### LISTED RECORDS
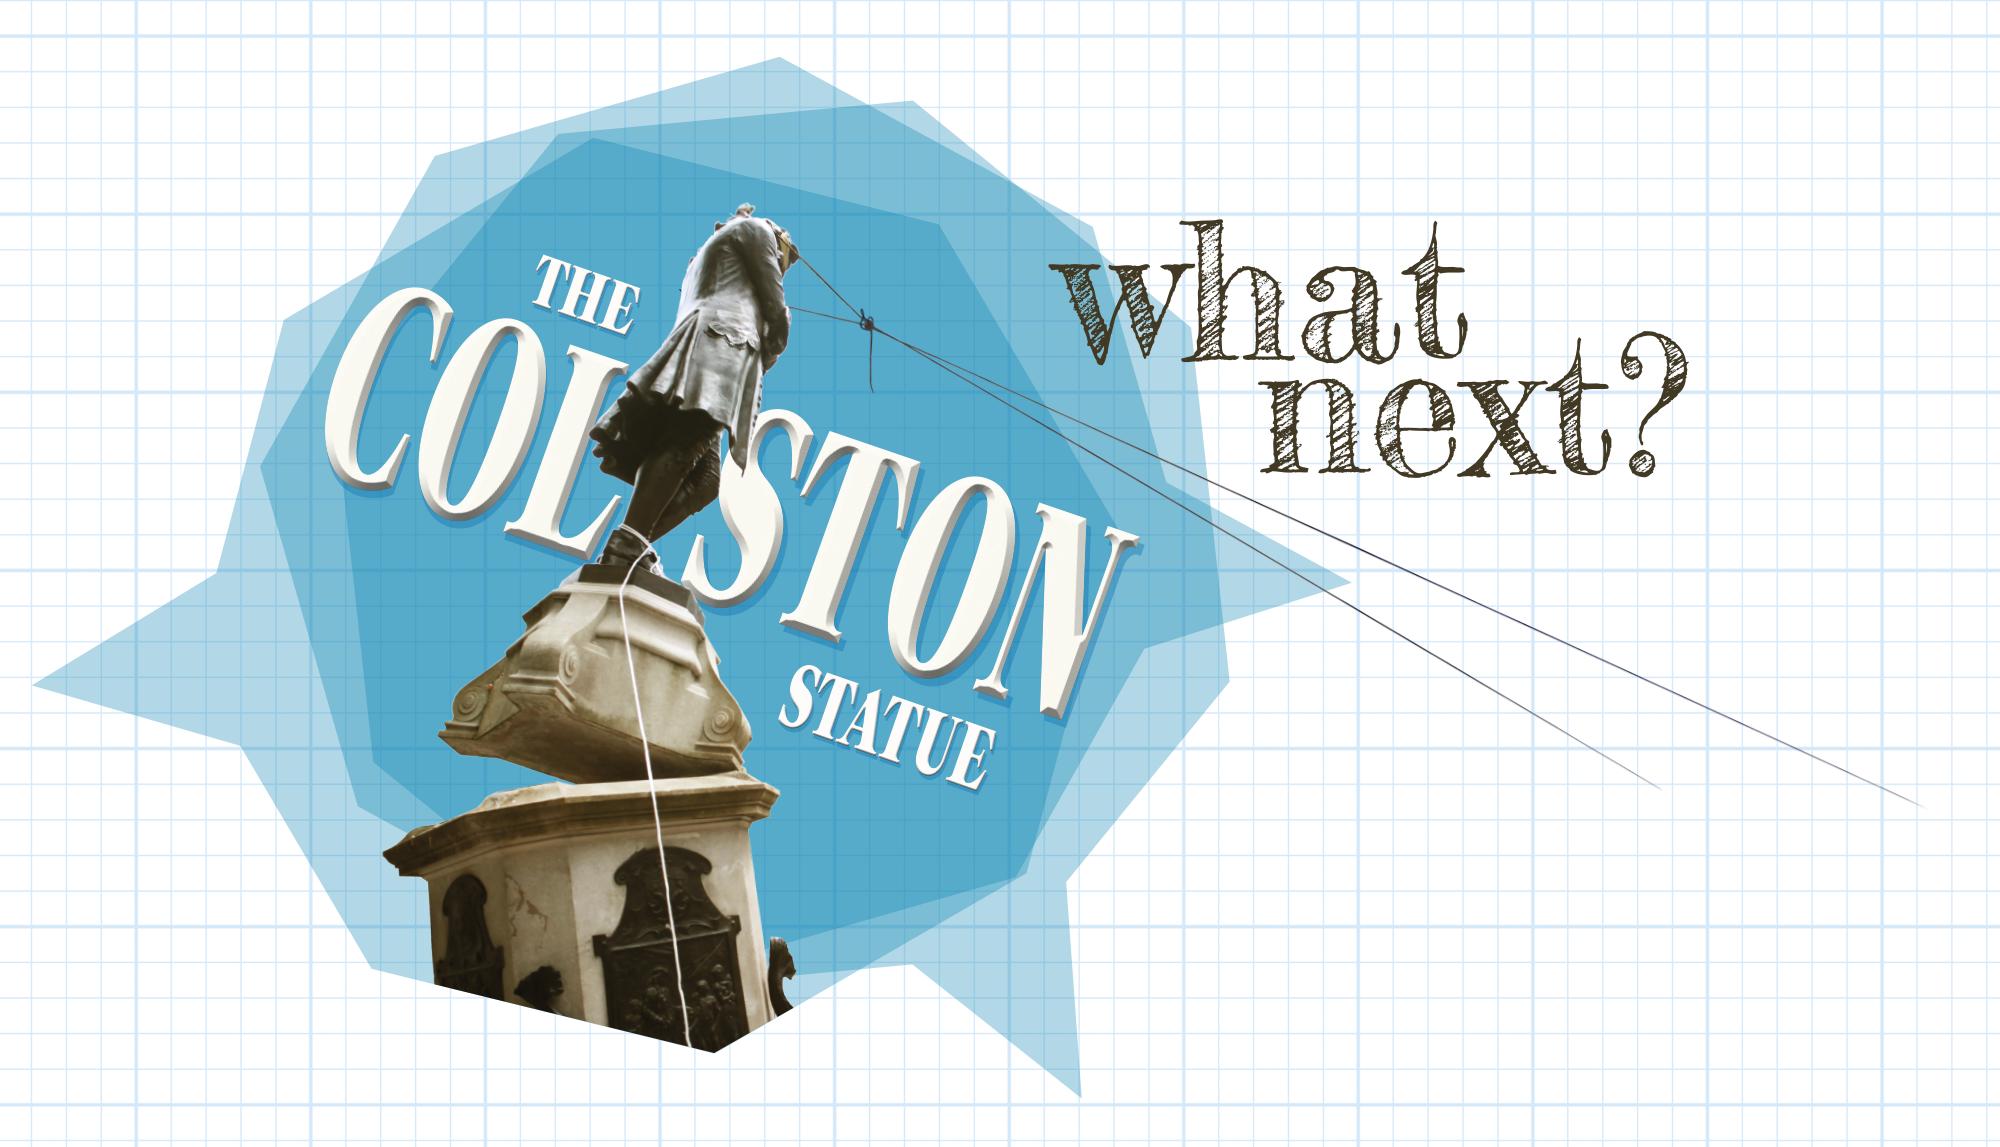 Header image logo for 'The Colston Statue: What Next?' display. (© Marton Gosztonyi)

==

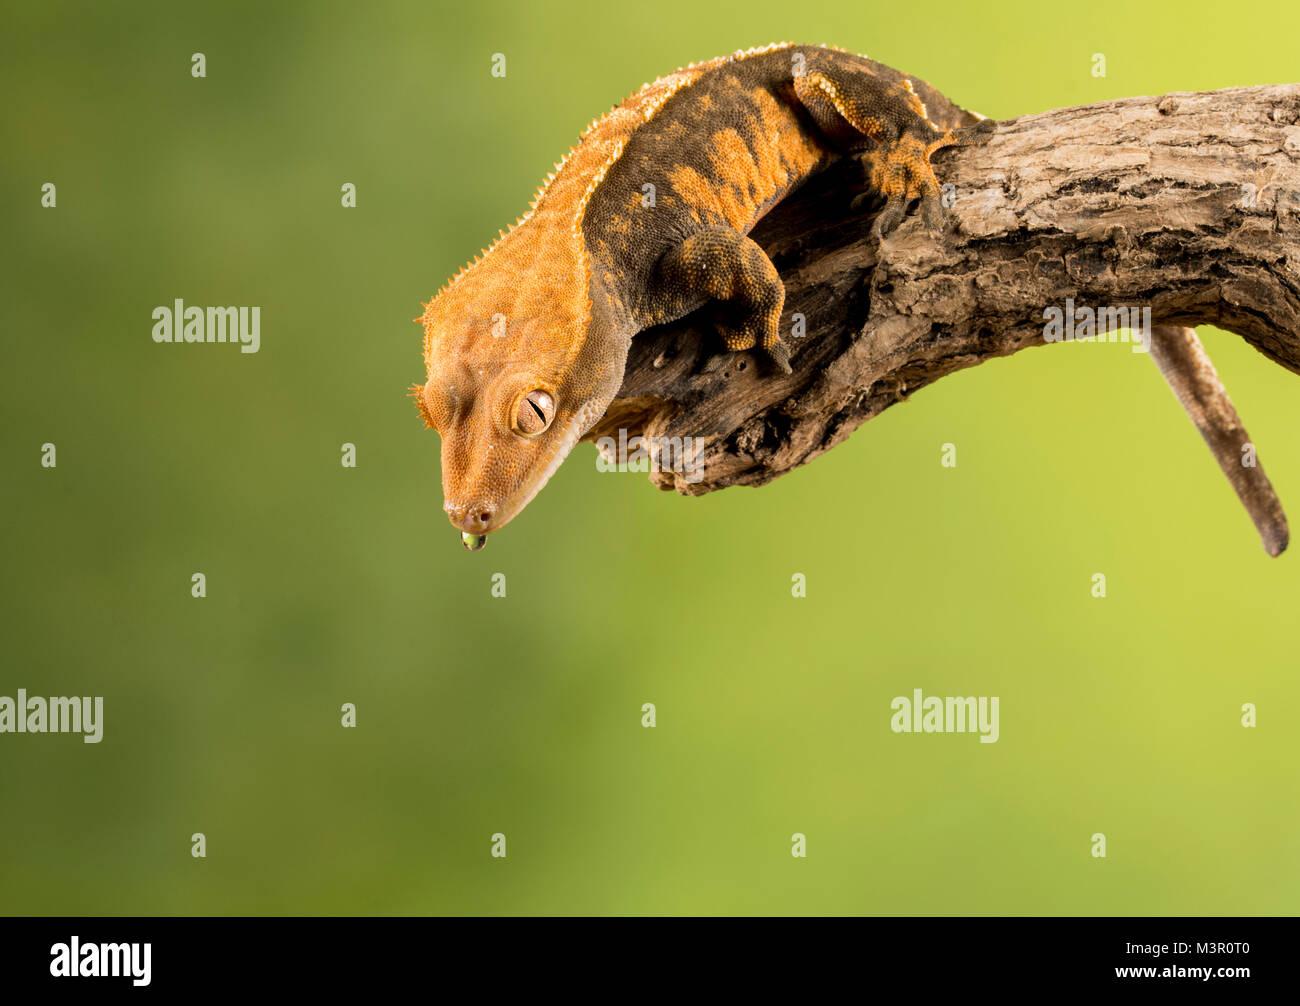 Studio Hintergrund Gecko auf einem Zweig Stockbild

---

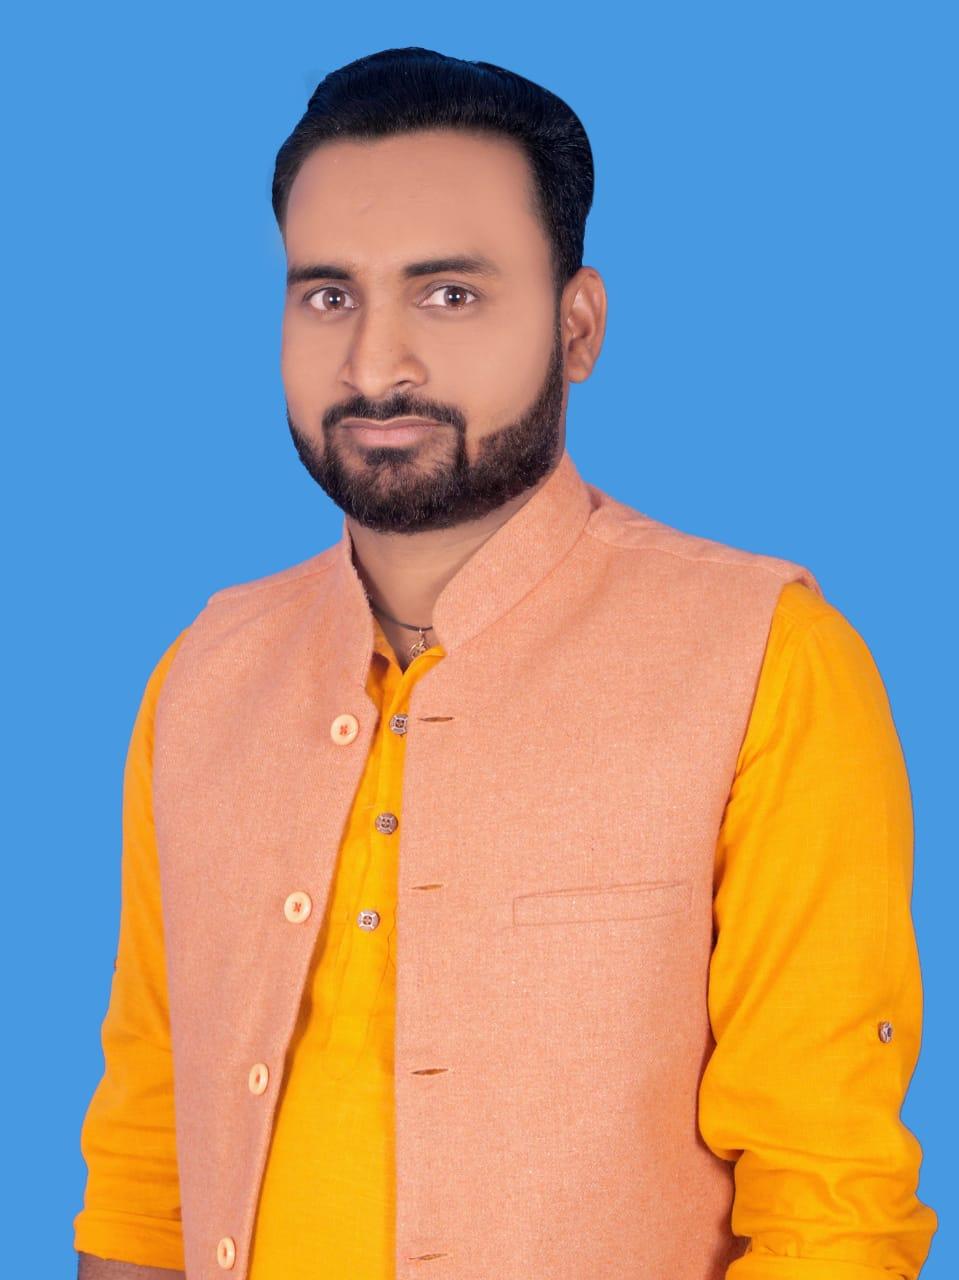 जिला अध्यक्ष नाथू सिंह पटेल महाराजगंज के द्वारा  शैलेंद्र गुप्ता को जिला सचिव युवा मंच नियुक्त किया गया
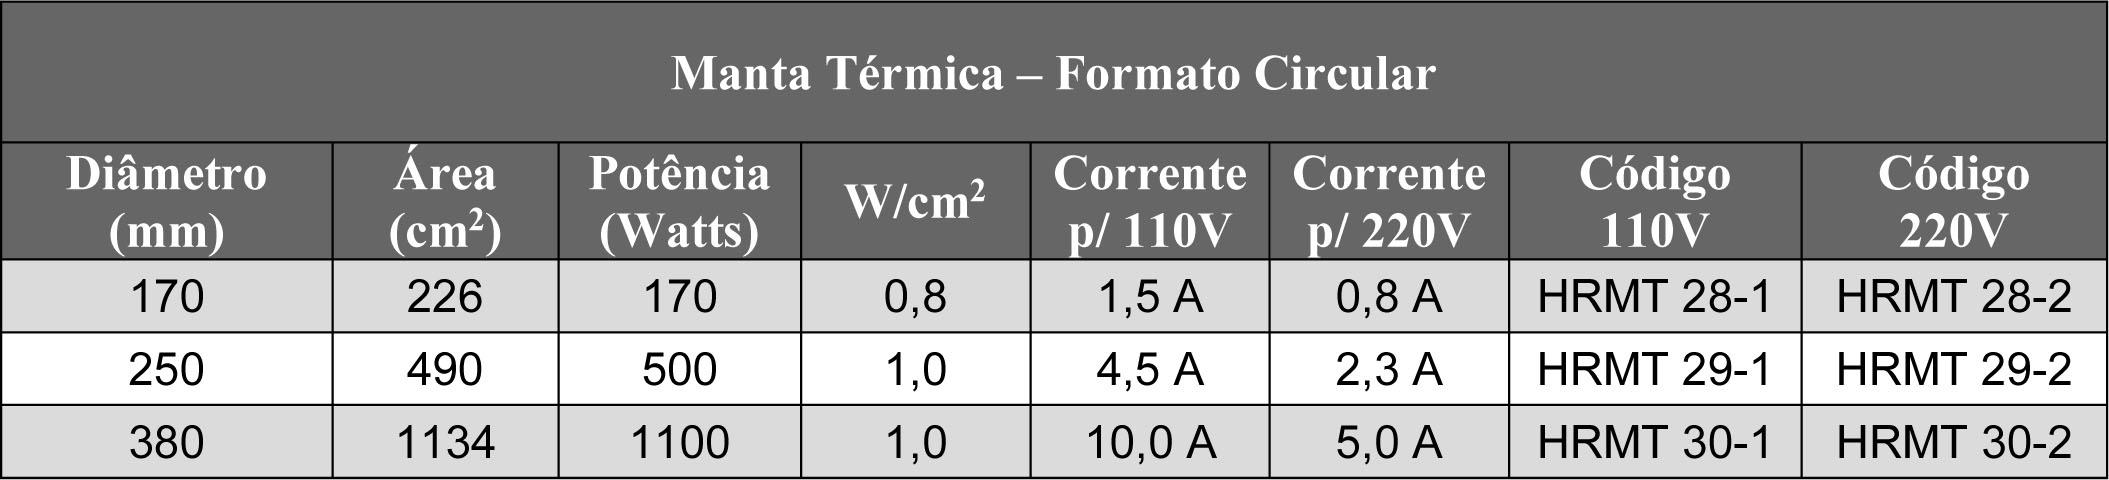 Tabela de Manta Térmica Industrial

### ACTIVITY
Within the entries above, give again exactly the lines starting at the one that contains "जिला अध्यक्ष नाथू" and ending at the one that contains "Tabela de Manta Térmica Industrial", leaving out the pictures.

### ANSWER BOX
 जिला अध्यक्ष नाथू सिंह पटेल महाराजगंज के द्वारा  शैलेंद्र गुप्ता को जिला सचिव युवा मंच नियुक्त किया गया
 Tabela de Manta Térmica Industrial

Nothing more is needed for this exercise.